* _Work instructions_: Would you repeat word for word the lines of the listing that follows, from the one with "专肽生物产品棕榈酸-VVVAAAGCGKSLSRHDHIHHH" up to and including the one with "Neue Justiz (NJ), Zeitschrift", and leave out the images?

* _Material supplied_:
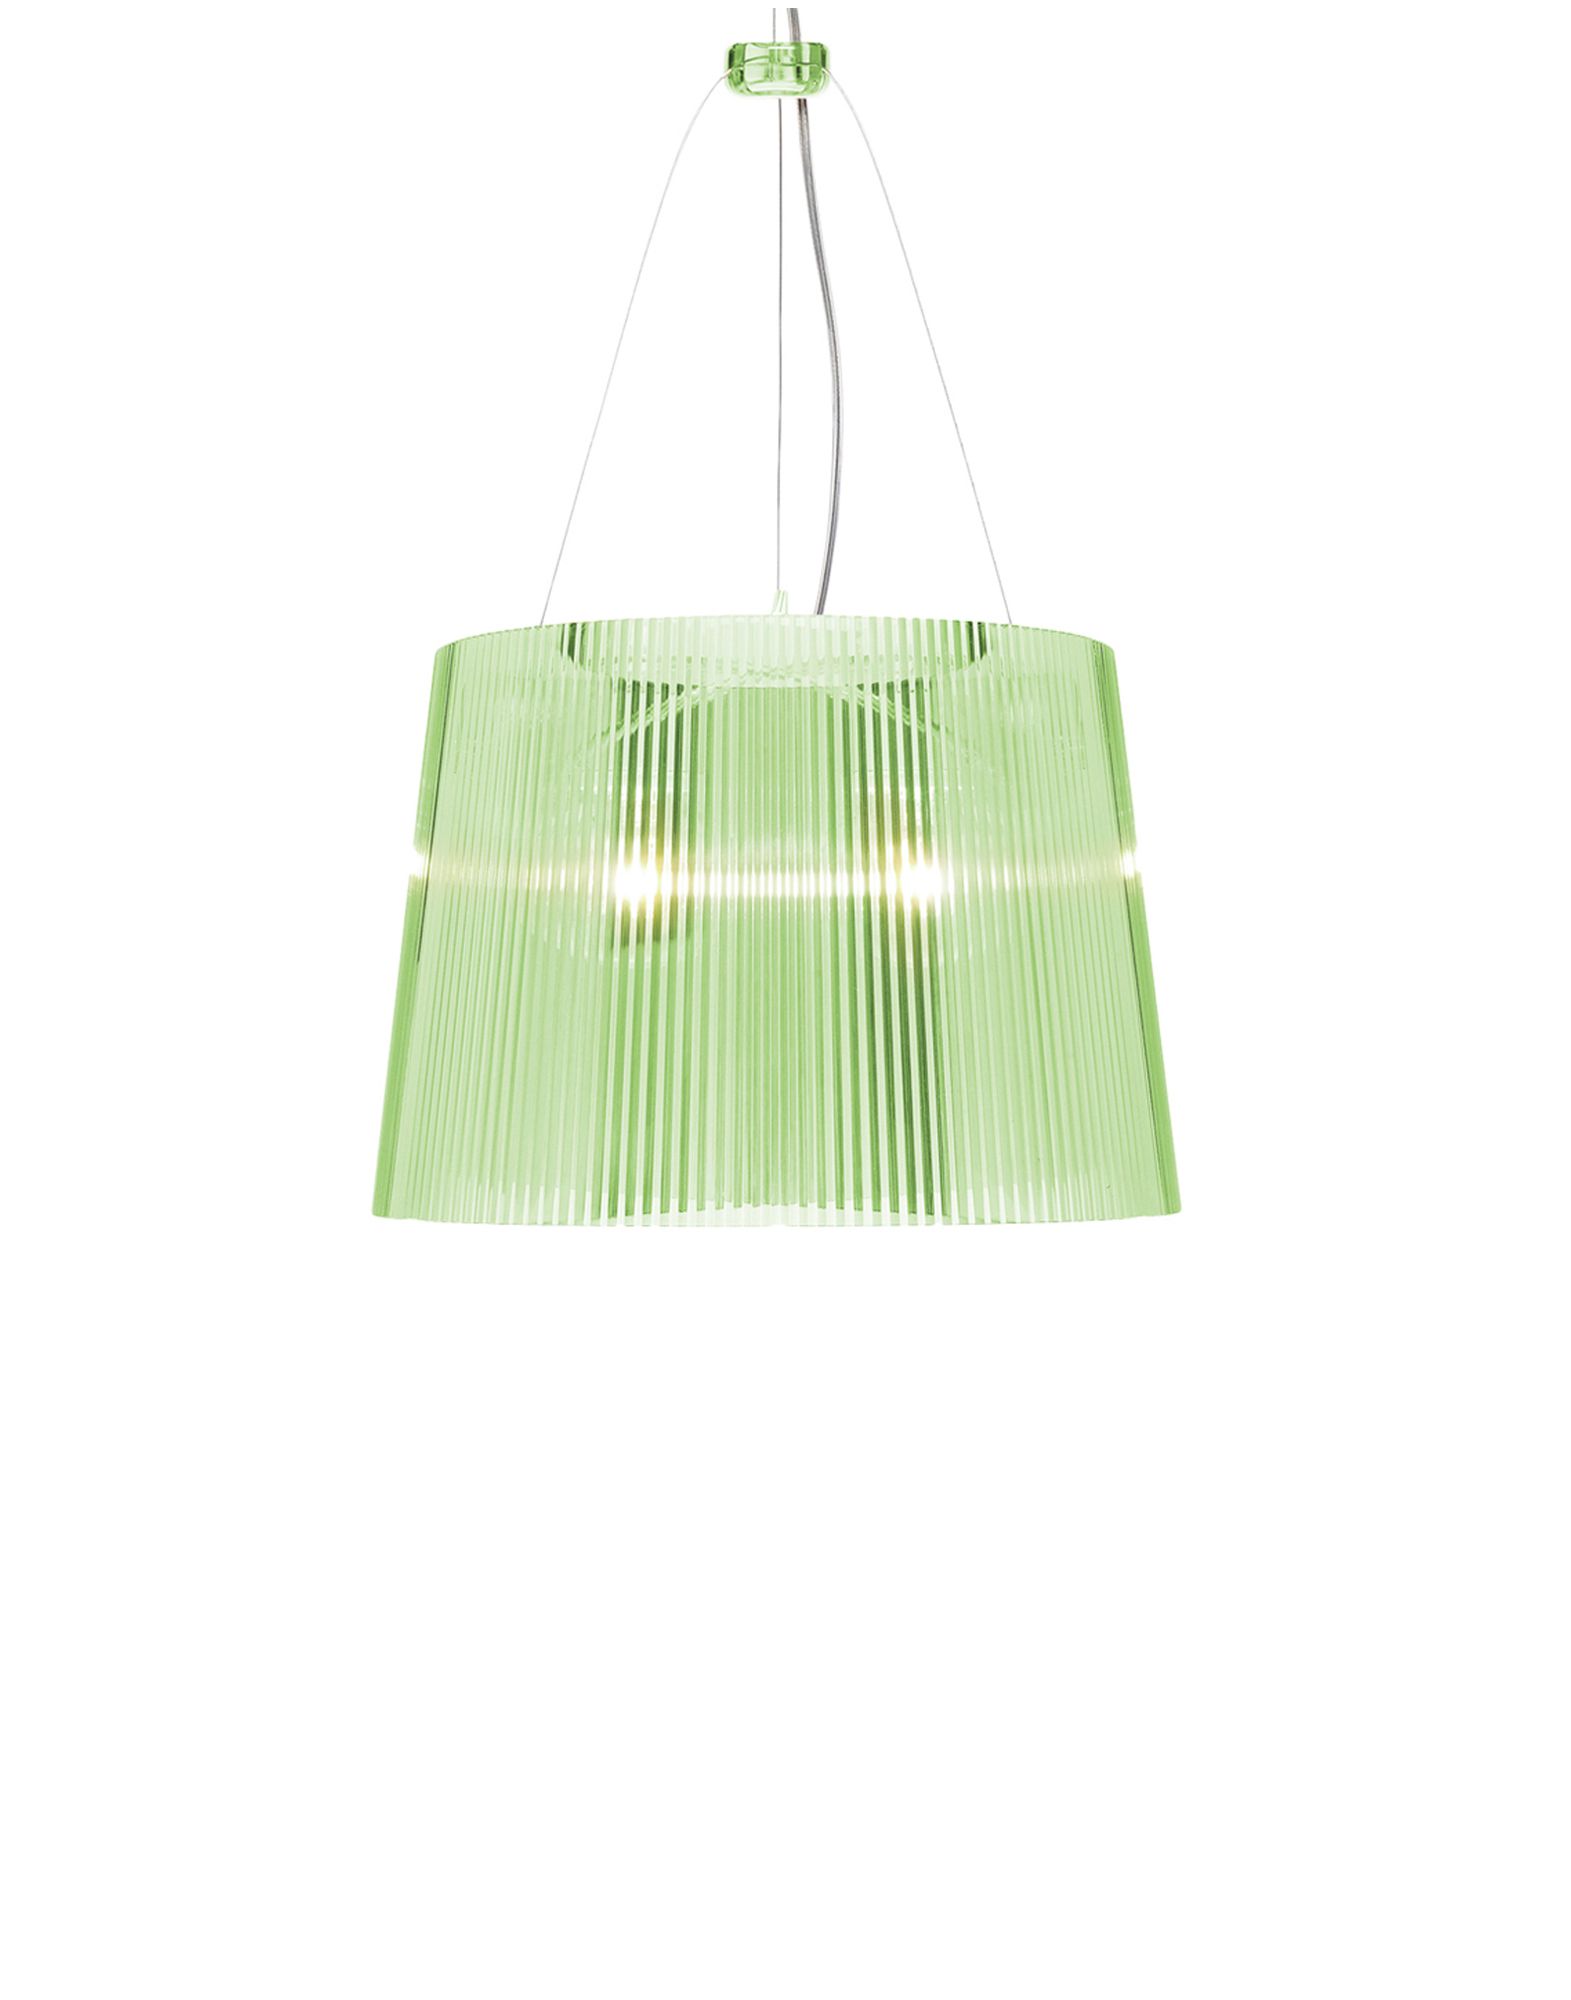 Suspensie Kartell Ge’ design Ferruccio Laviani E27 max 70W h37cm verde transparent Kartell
==
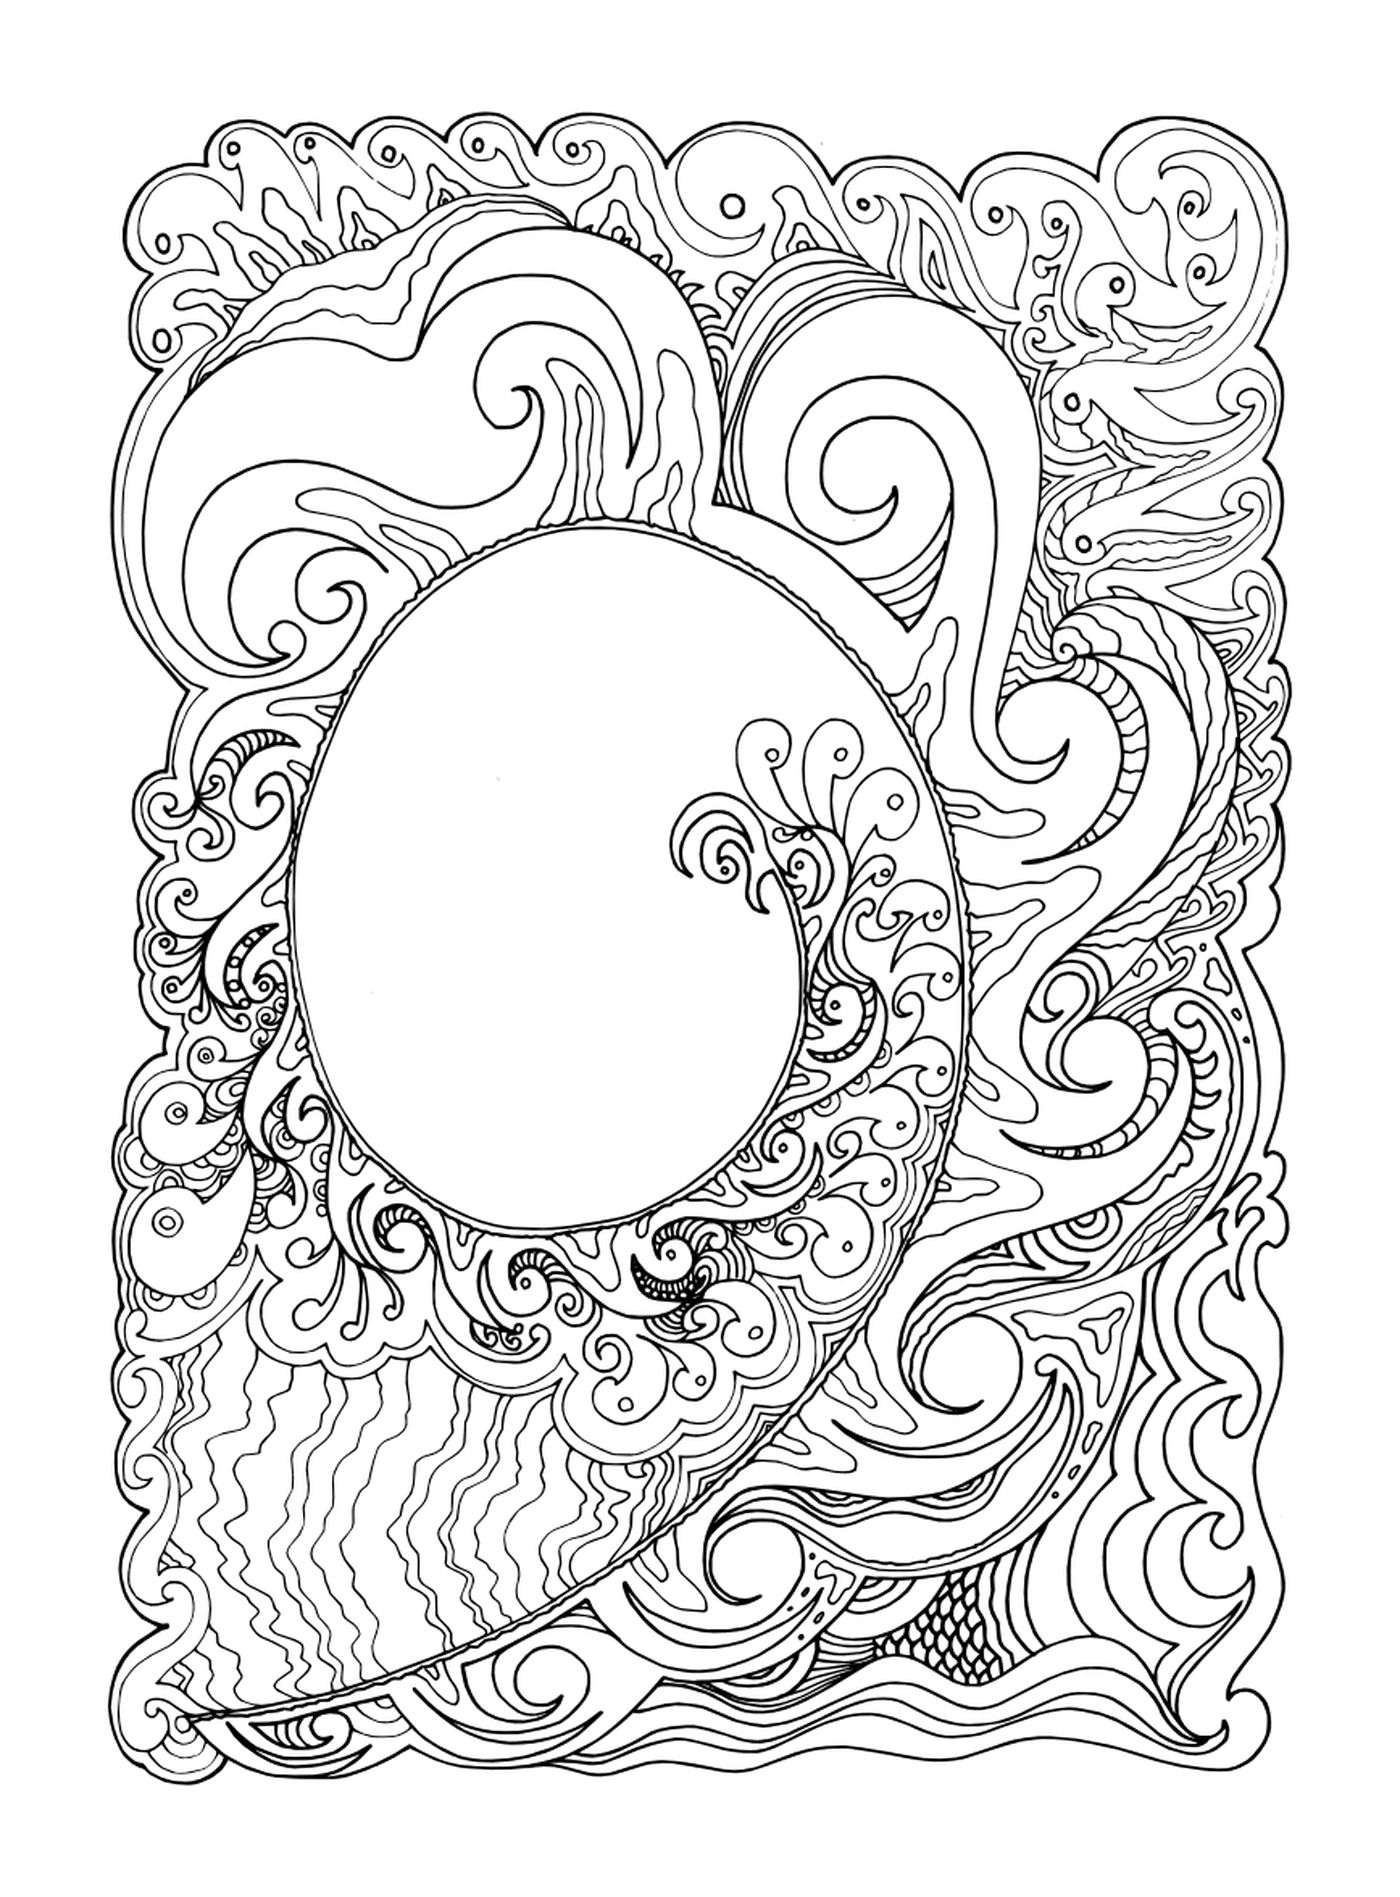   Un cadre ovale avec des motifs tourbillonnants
==
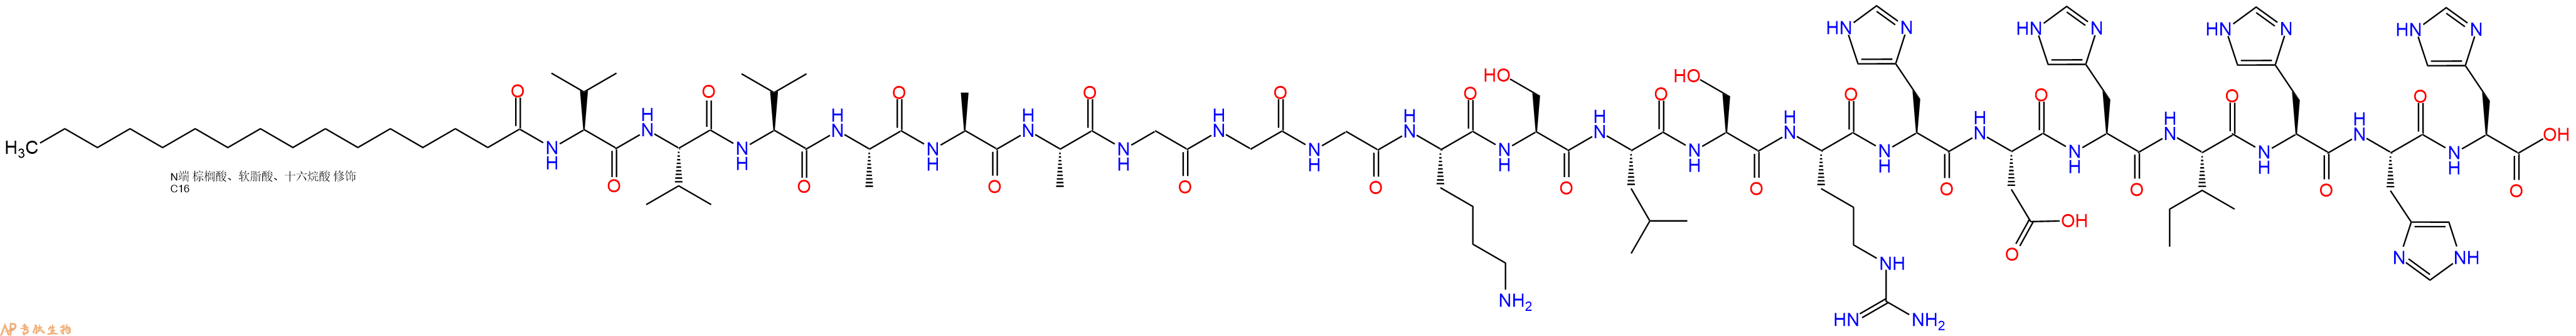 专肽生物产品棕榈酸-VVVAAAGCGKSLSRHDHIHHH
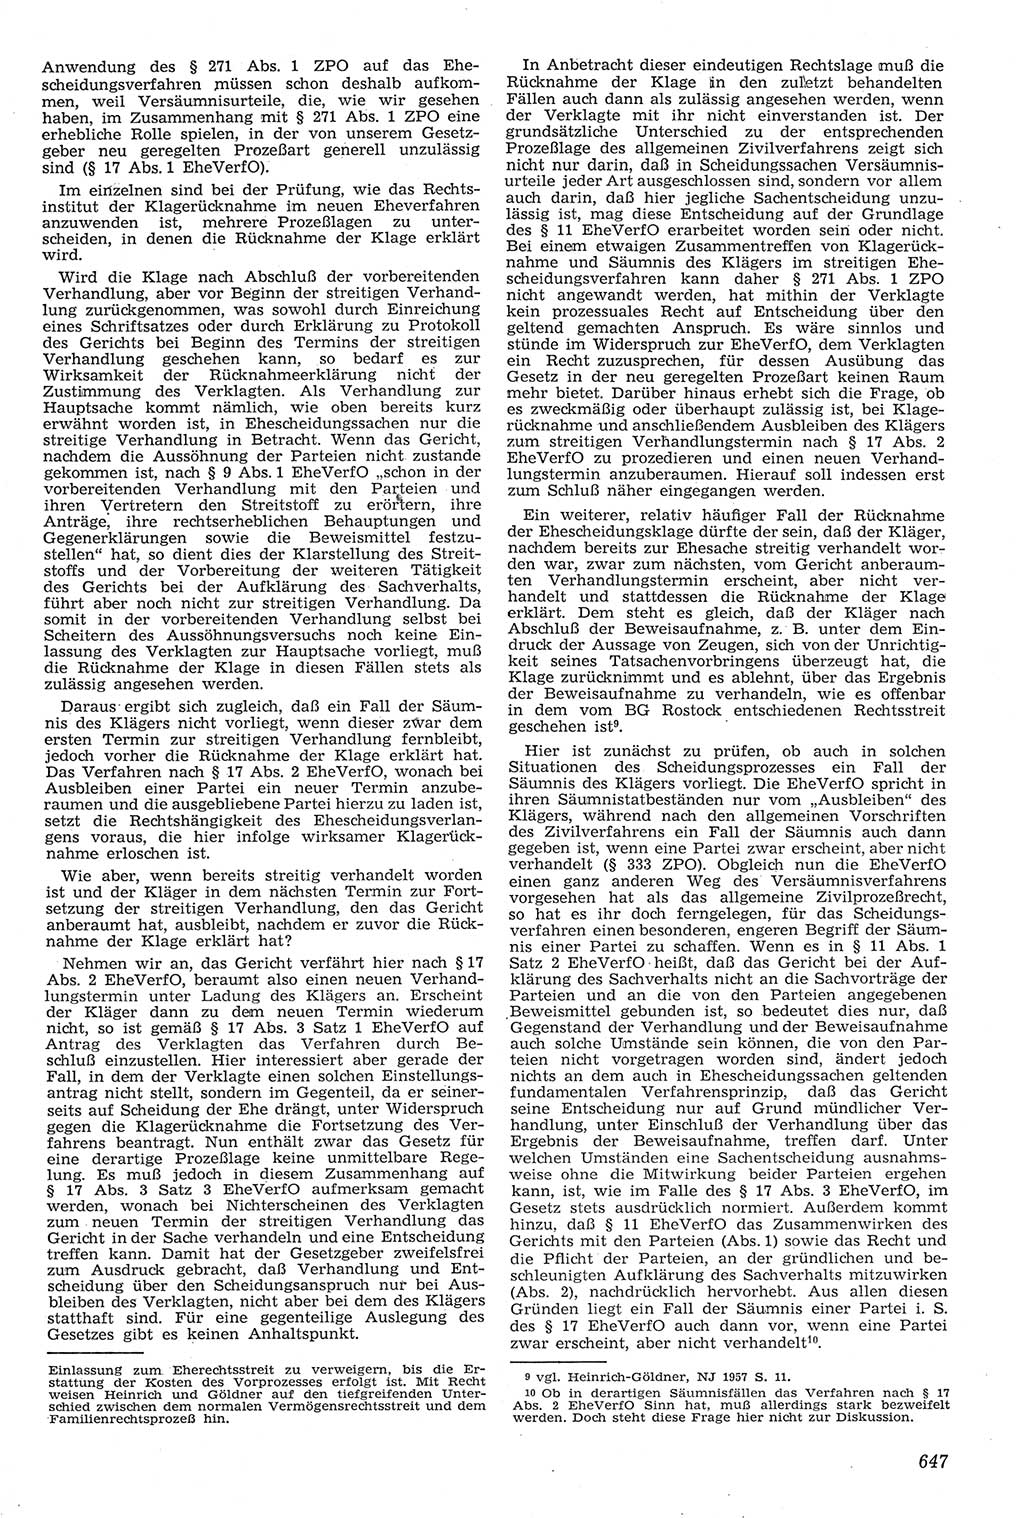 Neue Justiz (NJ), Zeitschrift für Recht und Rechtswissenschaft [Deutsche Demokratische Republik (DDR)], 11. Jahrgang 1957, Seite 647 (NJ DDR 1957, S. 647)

* _Completed exercise_:
 专肽生物产品棕榈酸-VVVAAAGCGKSLSRHDHIHHH
 Neue Justiz (NJ), Zeitschrift für Recht und Rechtswissenschaft [Deutsche Demokratische Republik (DDR)], 11. Jahrgang 1957, Seite 647 (NJ DDR 1957, S. 647)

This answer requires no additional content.